The Kursk raid as a harbinger of mobilization

Less than a month after the Kursk raid, support for the idea that amid a budget deficit, the state should prioritize spending on the armed forces over the social sphere increased from 37 to 43%; before that, this figure had only gone down.

This appears to be driven not only by rising revanchist sentiments and the need to liberate Kursk Region, but also by a feeling of insecurity and anxiety amid the threat of mobilization, since the Ukrainian incursion demonstrated the weakness of the army and a shortage of Russian manpower.

According to OpenMinds, after the raid into Kursk Region, there was a jump in search queries related to mobilization.

The state pays contract soldiers generously, but the number of men ready to fight obviously does not correspond to the army’s needs. In these conditions, Russians support higher fiscal spending on the military, even at the expense of social services, so Russian territory can be liberated and another round of mass compulsory mobilization can be avoided.

At the same time, 22% of Russians think that mobilization is needed in the coming year, with even 11% of staunch doves agreeing with this. Twice as many, 42%, are sure that mobilization is an inevitability, despite official assurances to the contrary.

The concern about mobilization is reflected in related fears and anxieties: for example, the threat of being wounded or killed in Ukraine is seen as the number one problem by 78% of respondents in Russia, according to ExtremeScan data.

This figure has reached 90% in Belgorod Region – which is not just geographically close to the front line but has also suffered civilian casualties because of shelling and drone attacks – and 88-90% in the mobilization focal points of Dagestan, Bashkortostan, Tyva and Buryatia.

If continuing the special military operation means new mobilization, 49% (versus 36%) would prefer to end the war and bring Russian soldiers home. Another sign of the growing rejection of mobilization is changing attitudes toward draft dodgers: 27% now condemn them, while 51% understand them (the rest unable to determine their position).
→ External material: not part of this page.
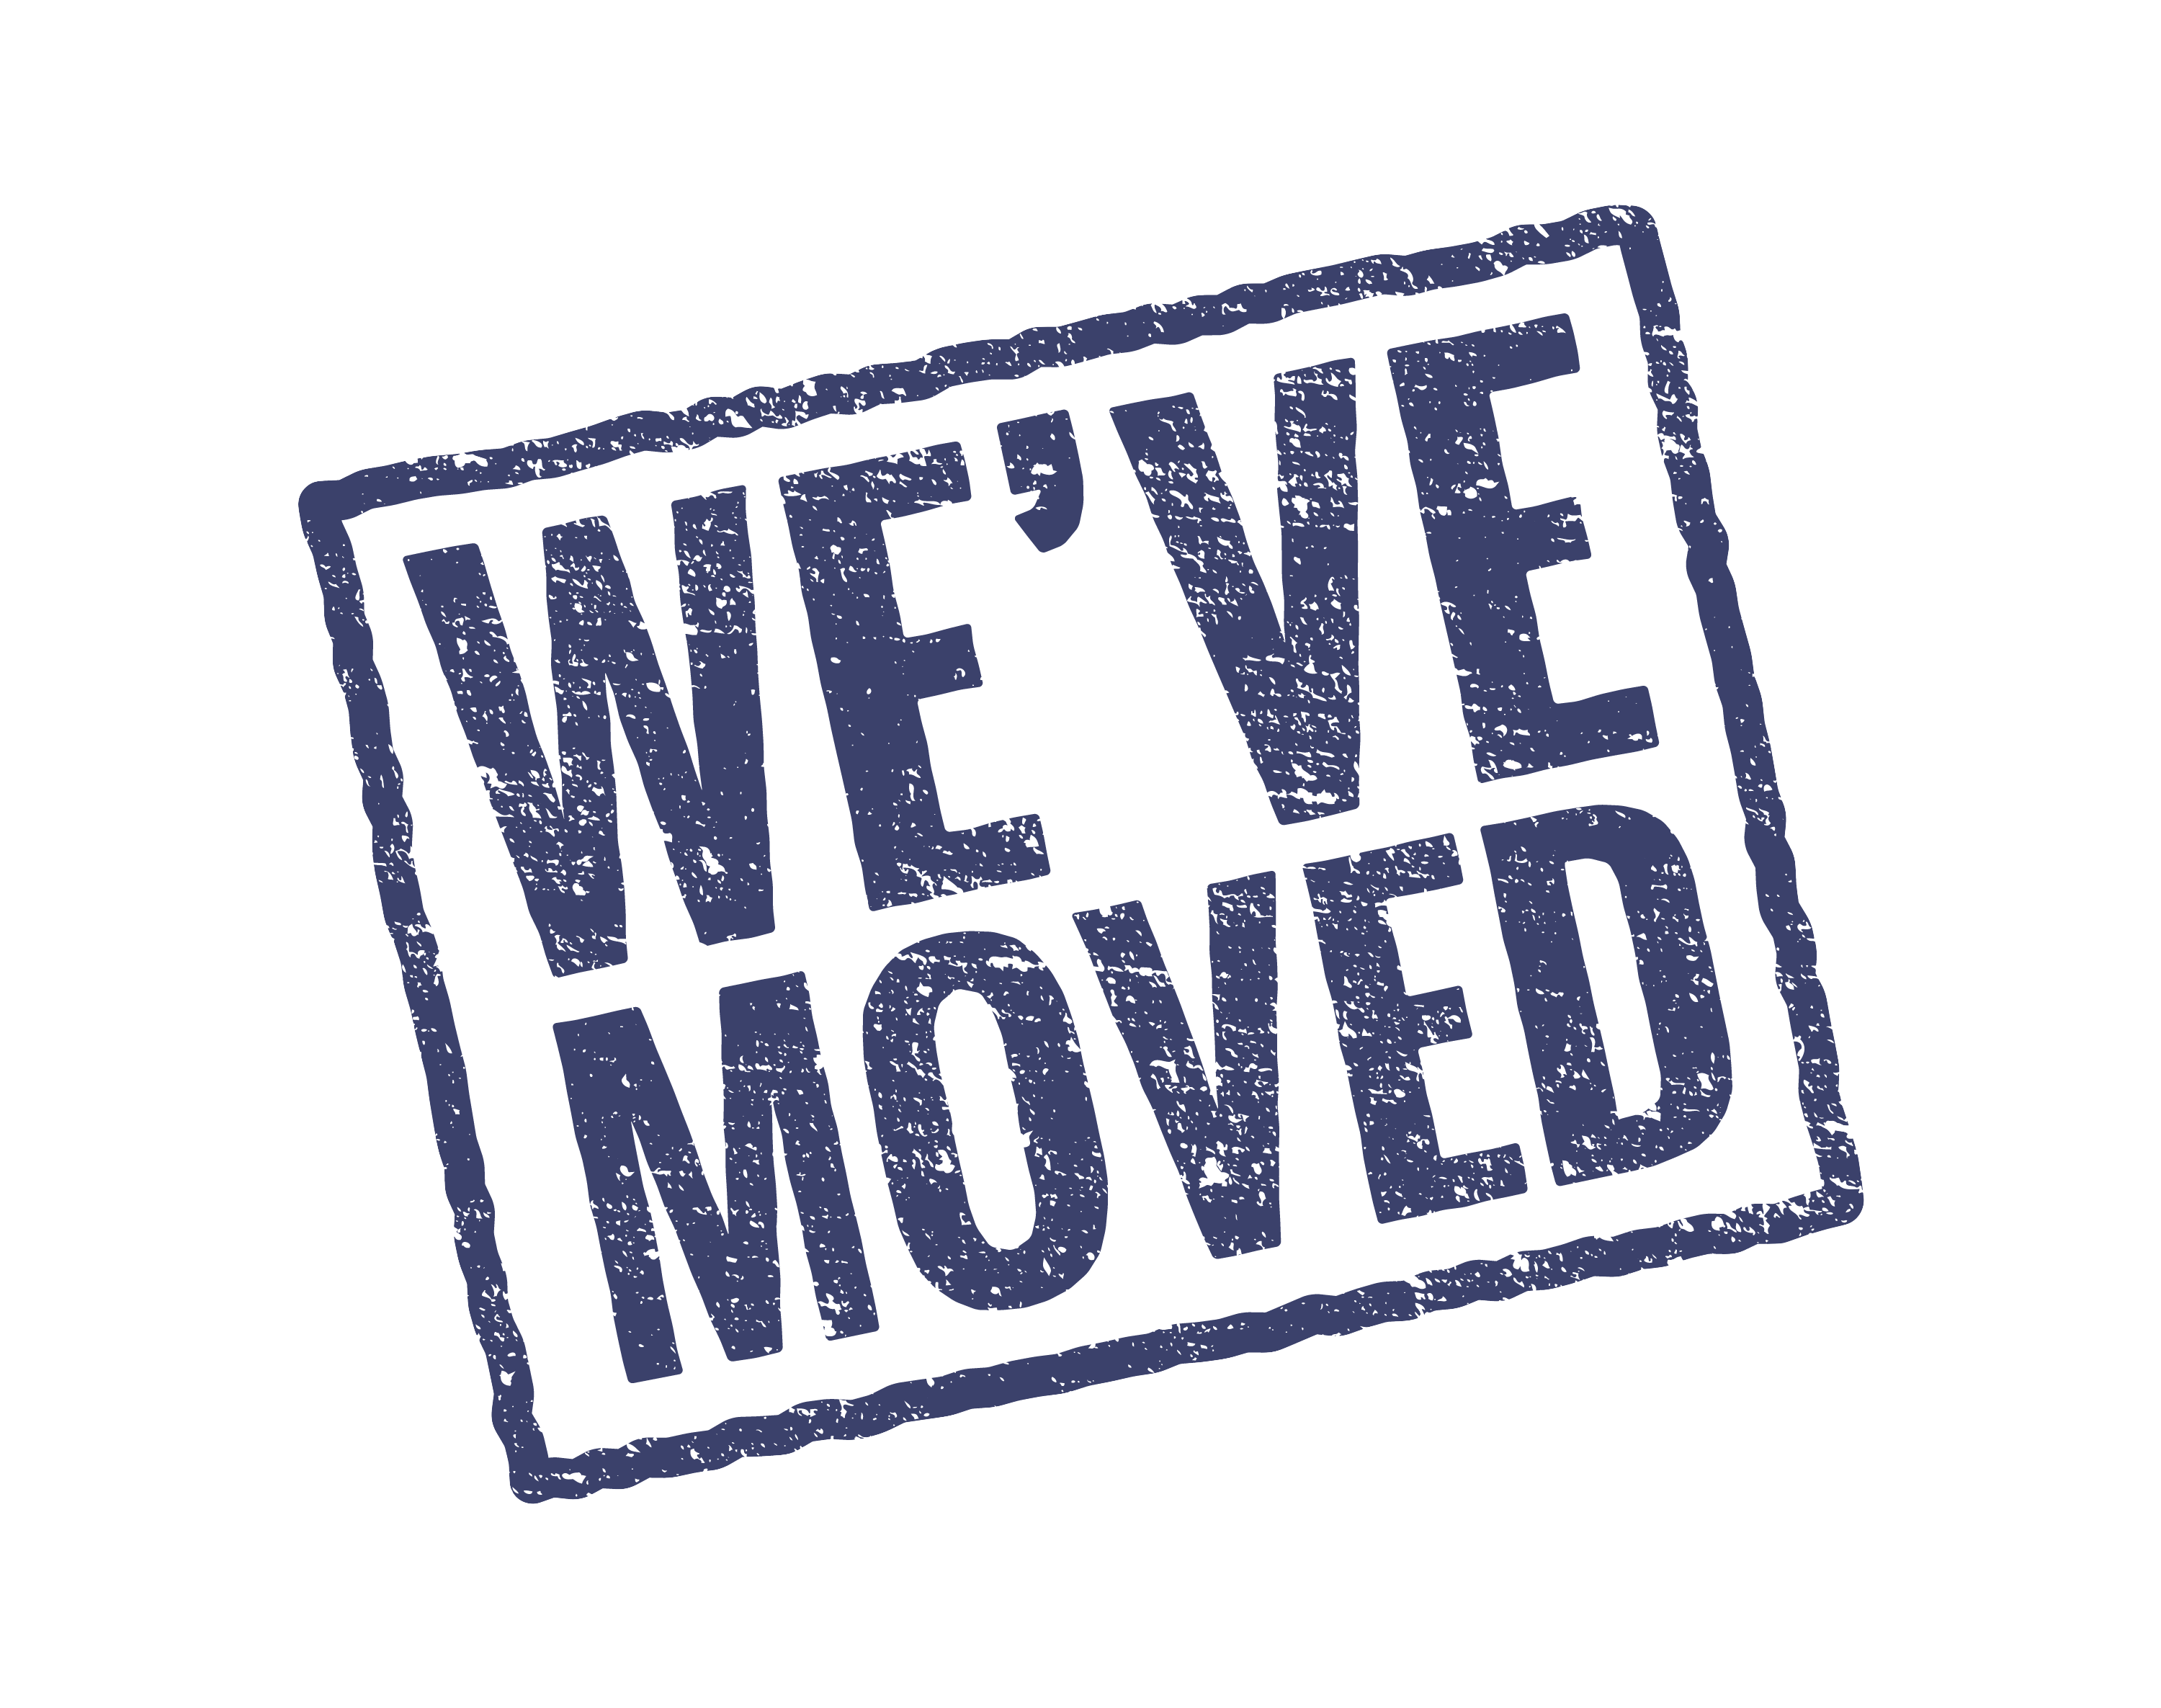 we've moved!

A year and a half ago, the ratio was 36% to 46%.

Respondents believe that volunteer (contract) soldiers are motivated mainly by financial interests (37%), a sense of duty (24%) or a combination of both (29%).
“Unsurprisingly, those who support the war are more likely to attribute a noble motive to volunteers (32%), while acknowledging that money plays an important role (23%).”
Open opponents of the war are extremely skeptical about the notion of contract soldiers going to war out of a sense of duty: 80% believe that they are in it for the money.

No longer someone else’s war

According to the Levada Center, over nearly a year and a half, the share of Russians who believe that the special military operation has done more harm than good has grown, reaching 47% (up six percentage points since May 2023). Simultaneously, the number who say that the war has been a net positive has slid, hitting 28% (down 10 percentage points).
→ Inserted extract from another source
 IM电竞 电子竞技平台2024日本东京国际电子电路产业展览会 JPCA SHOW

This echoes the responses to our question “what good will Russia’s victory bring you individually?” A whopping 56% said none. Among those 30% who provided specific benefits, they most often said things along the lines of: the bloodshed will stop; those who have left will come back; relatives and loved ones at war will come home; relations with relatives in Ukraine will go back to normal.

Less often these people mention national pride, Russia’s superpower status, respect for Russia or economic benefits. That is, they are thrown off by the question of personal benefit, which most often turns out to be a return to the prewar norm, as if the war had never happened.

At the individual level, the desire for peace overshadows the goals formulated by propagandists. Sixty-three percent are willing to conclude a peace treaty with Ukraine featuring mutual concessions; moreover, 49% are ready for peace without “achieving the set goals of the special operation” (regardless of how they understand these goals).
When faced with a choice between mobilization and peace, between advancing in the Donbas and liberating Kursk Region, the majority of respondents want peace and to reverse the Ukrainian incursion.

The growing readiness for peace and compromises in Russian society testifies to an increasing awareness of the tragic consequences of this war.